2. While the pasta is cooking, prepare the pesto. Place all of the pesto ingredients in a blender or food processor, and blend to a coarse paste. If too thick, add a little of the pasta cooking water as needed.
3. While pasta is cooking, add 2 tbsp olive oil to a saute pan. When oil is hot, add in your onions and peppers. Saute until brown on edges. Turn off heat, toss in a pinch of salt and black pepper, and set aside.
4. Reserving a ladle of the cooking water, drain the pasta. Return it to the pot, drizzle with the remaining tbsp of olive oil, and add the pesto and veggies. Toss well, adjust salt and pepper to taste.
5. Transfer the pasta to a serving bowl and garnish with basil leaves. Serve hot.
Friday, 6 January 2012
Bharwaan Baigan or Masala Baigan
- 1/2 kg small sized black brinjals
- 1 small Onion
- 1 small Tomato
- 1/2 tsp Jeera
- 1/2 tsp Rai
- 1 tsp ginger garlic paste
- 1/4 tsp turmeric pwd
- 2 -3 tsp coriander pwd
- 1/2 tsp garam masala
- 3 tbsp peanuts roasted and ground
- 1 tbsp sesame roasted and ground
- salt to taste
- 1/2 cup water
- green coriander leaves
- For the Filling: Take a bowl and add peanut pwd., sesame pwd, turmeric, chili pwd, coriander, garam masala, ginger garlic paste, salt and mix nicely and keep aside.

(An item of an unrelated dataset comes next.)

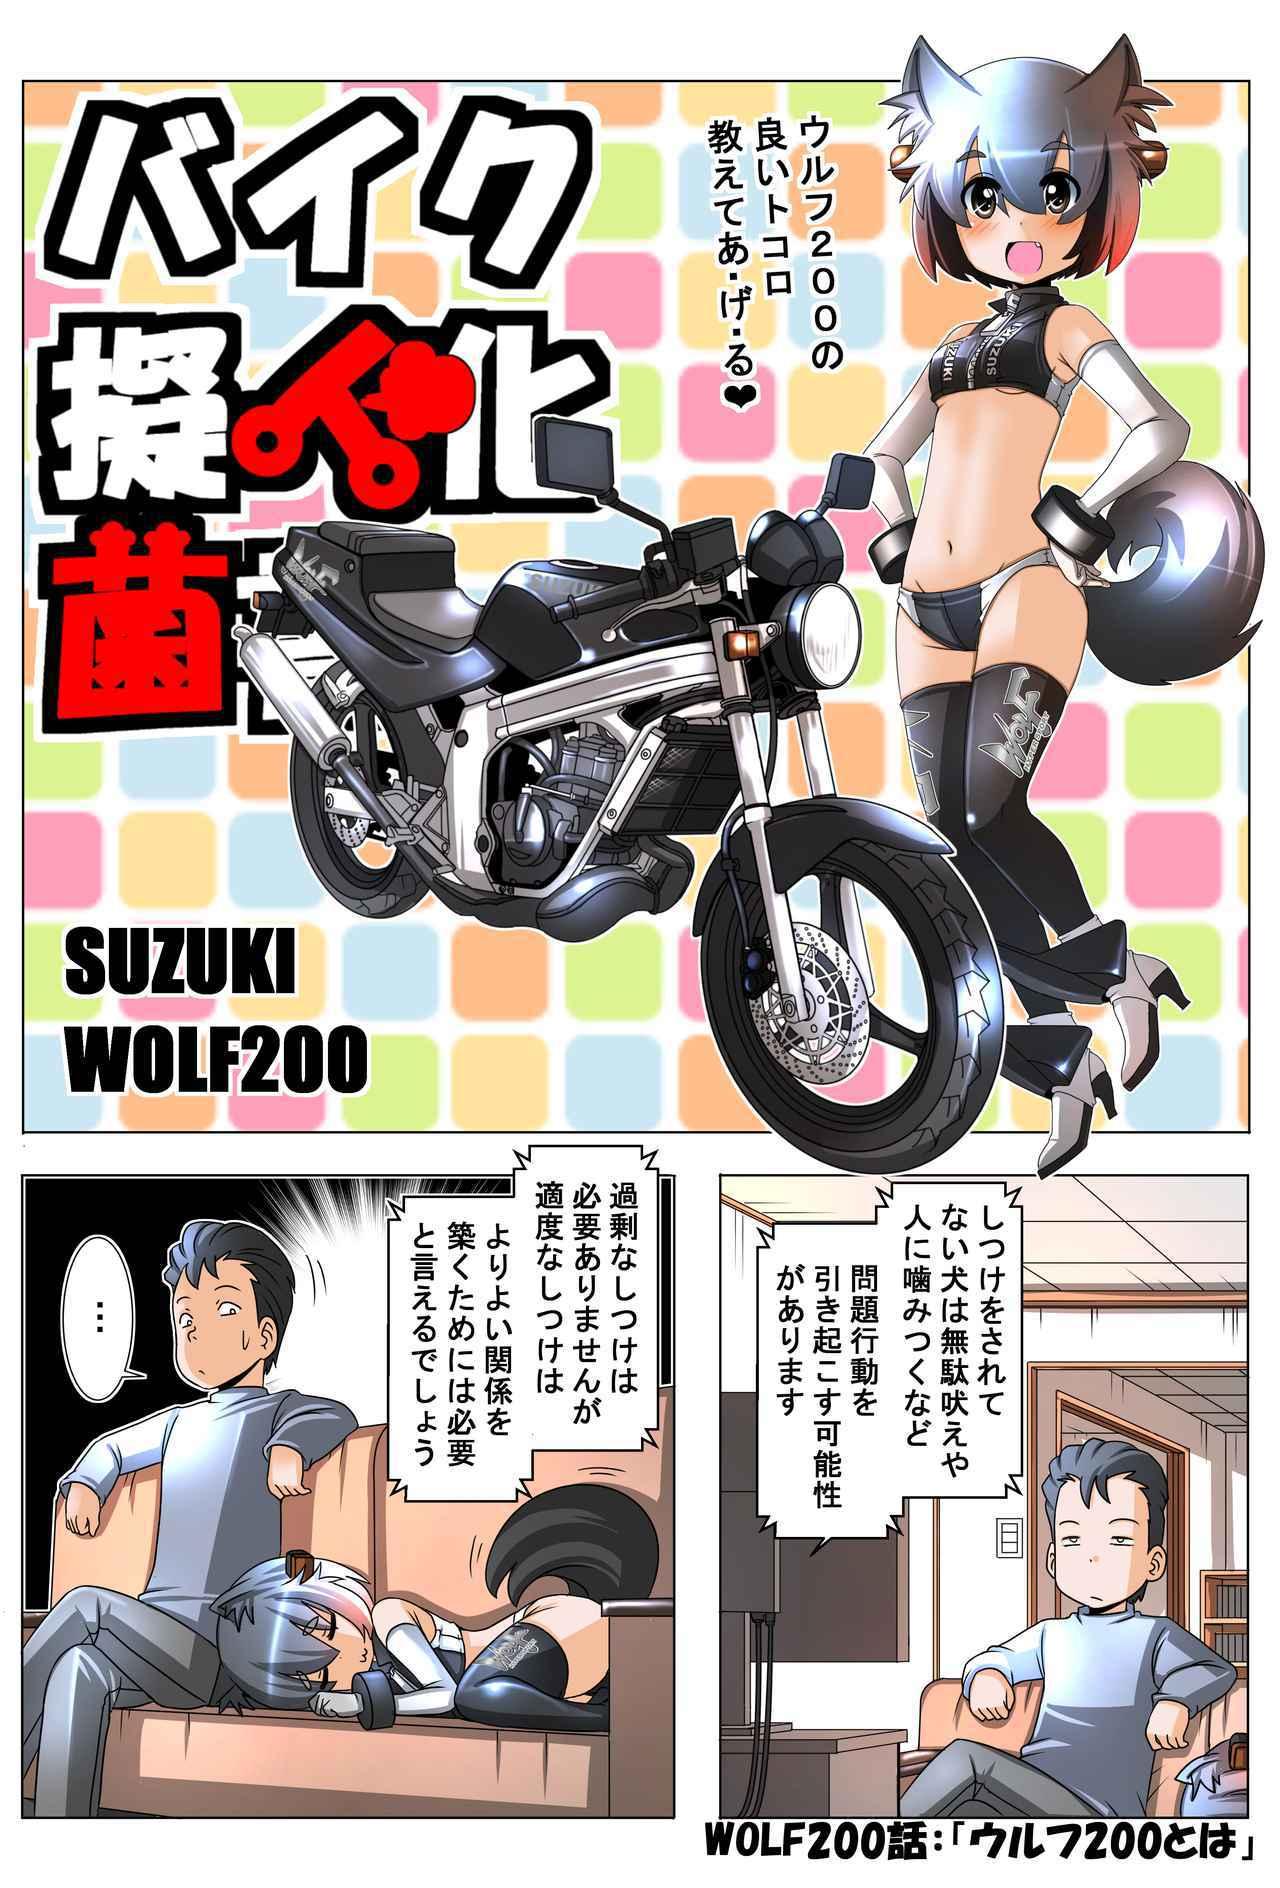 画像1: 『バイク擬人化菌書』WOLF200 話「ウルフ200とは」 作:鈴木秀吉
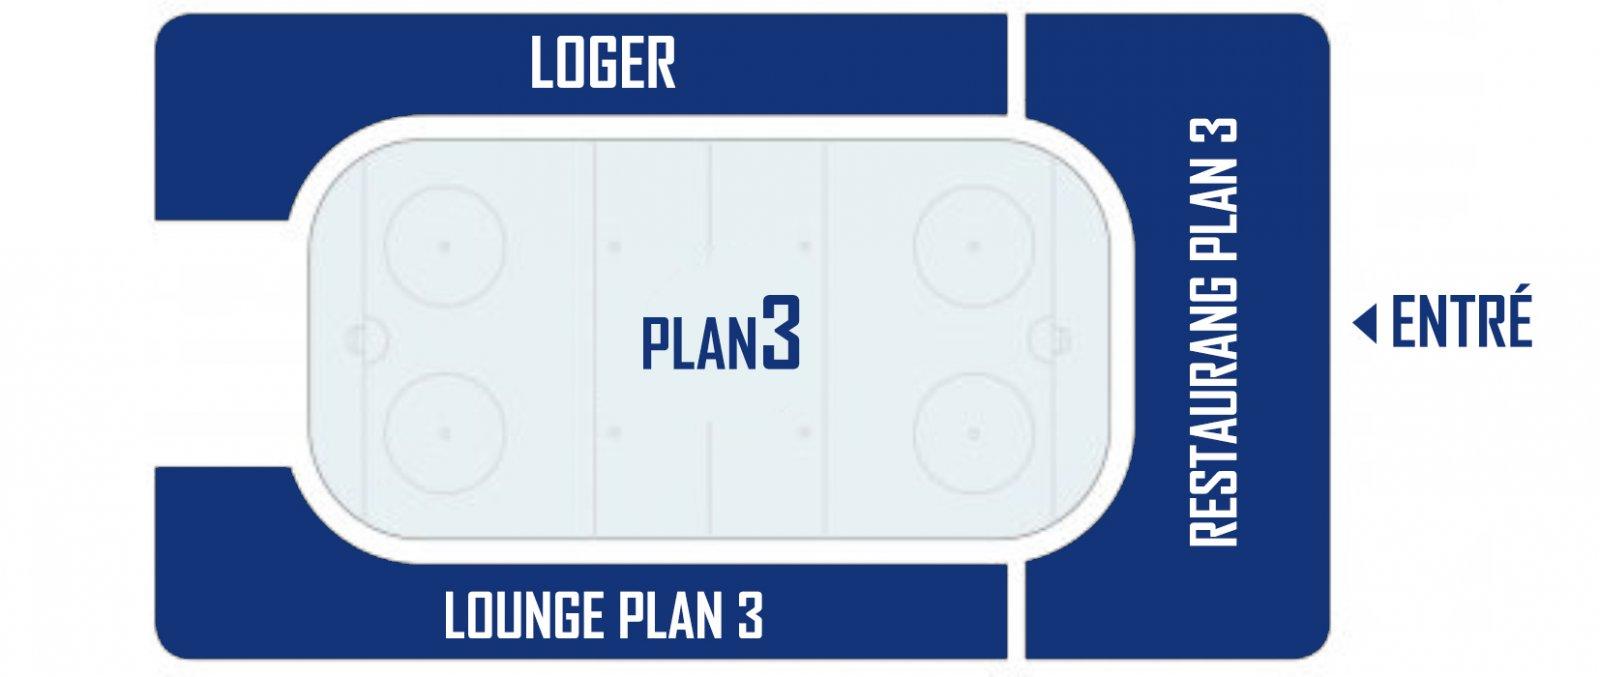 Arena Plan 3

- Cut the small brinjals for stuffing just give 2 cuts from the back deep enough to be stuffed.
- Fill each brinjal with the mix you prepared and leave some mix aside.
- Now heat the karahi or any vessel thick from the bottom.Add oil to the vessel and add jeera rai .
- Add finely chopped onion and fry for 2 min then add the left over peanut till mix stir for some time then add finely chopped tomato and green coriander (leave some for garnishing).After tomatoes are cooked add the stuffed brinjals and water. Put the lid on and cook for 20 25 min on medium flame with very less stirring as it will break the brinjals. Garnish the brinjals with coriander leaves
- Serve the masala baigan with hot fulks or steamed rice...
Thursday, 5 January 2012
Bulgur Wheat Salad with Roasted egg plant and peppers
1 cup bulgur wheat
1 eggplant, cubed
5 tablespoons extra-virgin olive oil
2 red peppers, cubed
1 tablespoon paparik
salt and pepper
1 cup basil leaves, torn
375ml cold vegetable stock
2 tbsp roughly chopped parsley
4 tbsp roughly chopped coriander
Finely grated zest and juice of a ½ lemon
Place the vegetables onto a baking sheet and drizzle with the olive oil. Season with salt and pepper to taste and add paparika. Place into the oven and roast until just coloured and softened.
Meanwhile combine the bulgur wheat and vegetable stock in a saucepan and bring to the boil over a medium heat. Reduce the heat, cover and simmer for approximately 15 minutes or until the liquid has been absorbed.
Fluff up the bulgur wheat with a fork and stir in the herbs, spices, extra virgin olive oil, grated lemon zest and juice, and finally the roasted vegetables. Season generously to taste.
Leek and Potato Soup
1 tbsp vegetable oil
1 onion, sliced
2-3 small potatoes, cubed
2 medium leeks,sliced
1.2 litres vegetable stock
150ml double cream or milk
Salt and freshly ground black pepper
Tobasco sauce if you like it hot
Heat the oil in a large pan and add the onions, potatoes and leeks. Cook for 3-4 minutes until starting to soften.
Add the vegetable stock and bring to the boil. Season well and simmer until the vegetables are tender.
Whizz with a hand blender or in a blender until smooth. Reheat in a clean pan, stir in the cream or milk, heat through and serve.